NEW YORK (AP) — While shoppers are getting everything from morning coffee to complete work wardrobes delivered to their homes, some businesses are working with ride-hailing company Uber to entice customers through their doors.
Uber launched a voucher program Tuesday that enables companies like Westfield Mall and TGI Fridays to dole out free or discounted rides to customers, offering a way for retailers to counter declining foot traffic heightened by the growth of online shopping.
Retail traffic has declined 2.3 percent over the last two years, according to Cowen Equity Research. Malls in particular have experienced a drop-off as younger generations living in urban centers have shown little interest in owning cars and taking trips to suburban shopping malls, said Jon Reily, vice president and global commerce strategy lead at Publicis Sapient. The growing number of retail bankruptcies illustrates the problem, he said.
“That’s a great move for malls to get people in the door, because malls need footfall, and anything that they can do to get that is a good thing,” Reily said.
Restaurants are also participating in the Uber vouchers, including some that are already delivering food to customers’ homes through Uber Eats.
Getting diners back into the restaurant — even if it means paying for their ride — could enable restaurants to make more money since customers could be more inclined to order a dessert or alcoholic beverage than if they ordered delivery to their homes.

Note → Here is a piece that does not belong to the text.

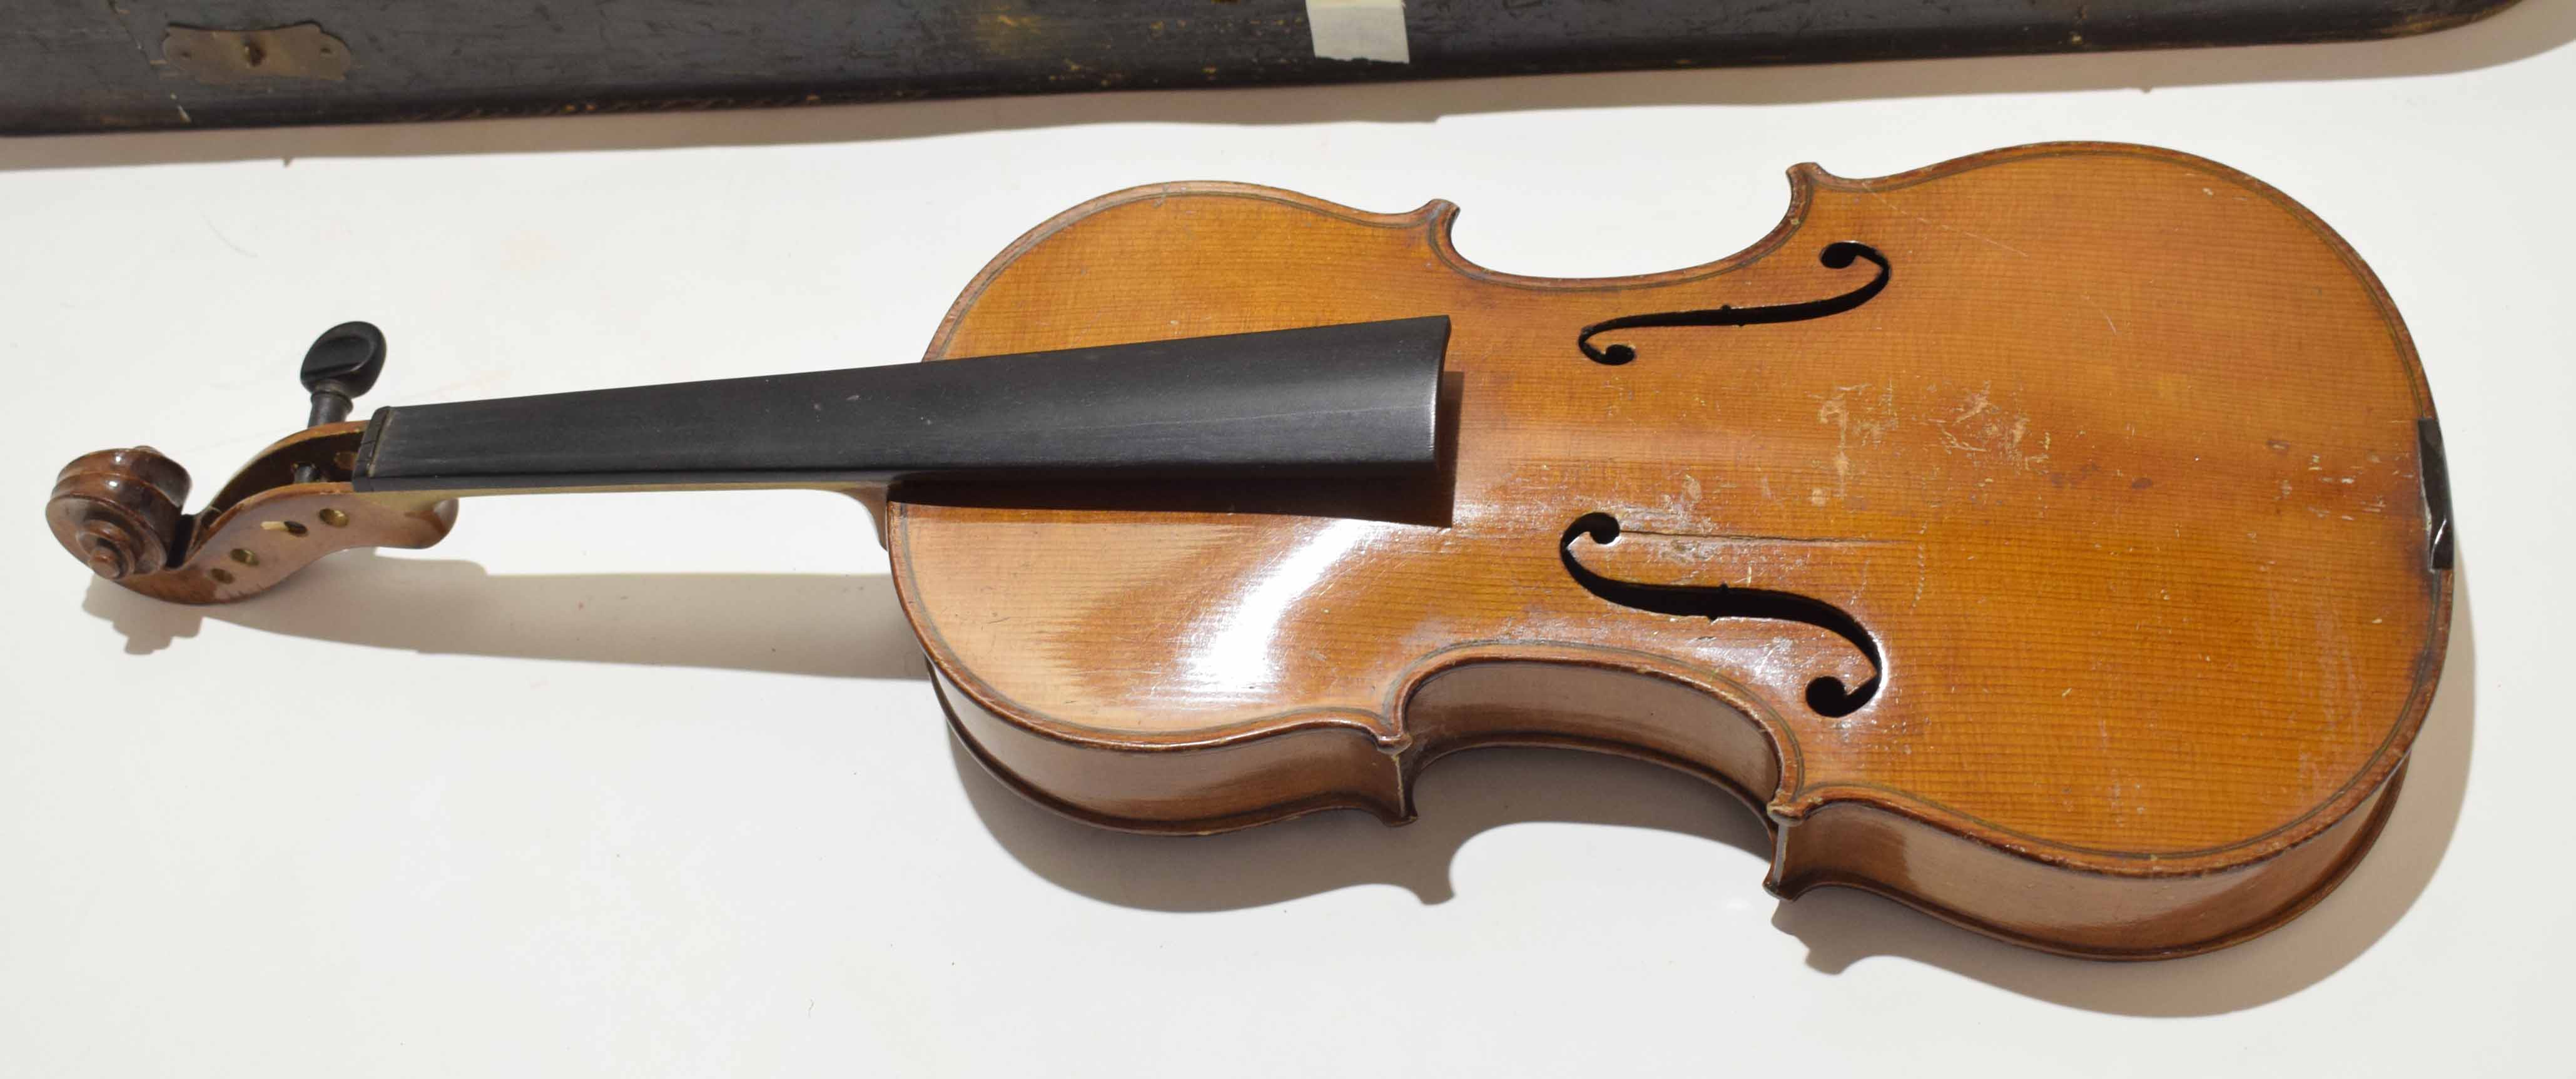 Vintage ebonised wooden cased violin and bow (lacking strings) (af) - Image 3 of 7

Alcohol is a money-maker for restaurants, and delivering happy hour margaritas or cocktails in an Uber car isn’t a viable option. Uber does deliver alcohol from a very limited number of restaurants, but it is not available to most customers.
“Our bartenders might hand these out as a way to ensure we’re providing a great guest experience,” said Sherif Mityas, chief strategy officer at TGI Fridays.
The vouchers — like coupons — could be given out as a perk to rewards members, creating another visit that might not happen otherwise, Mityas said.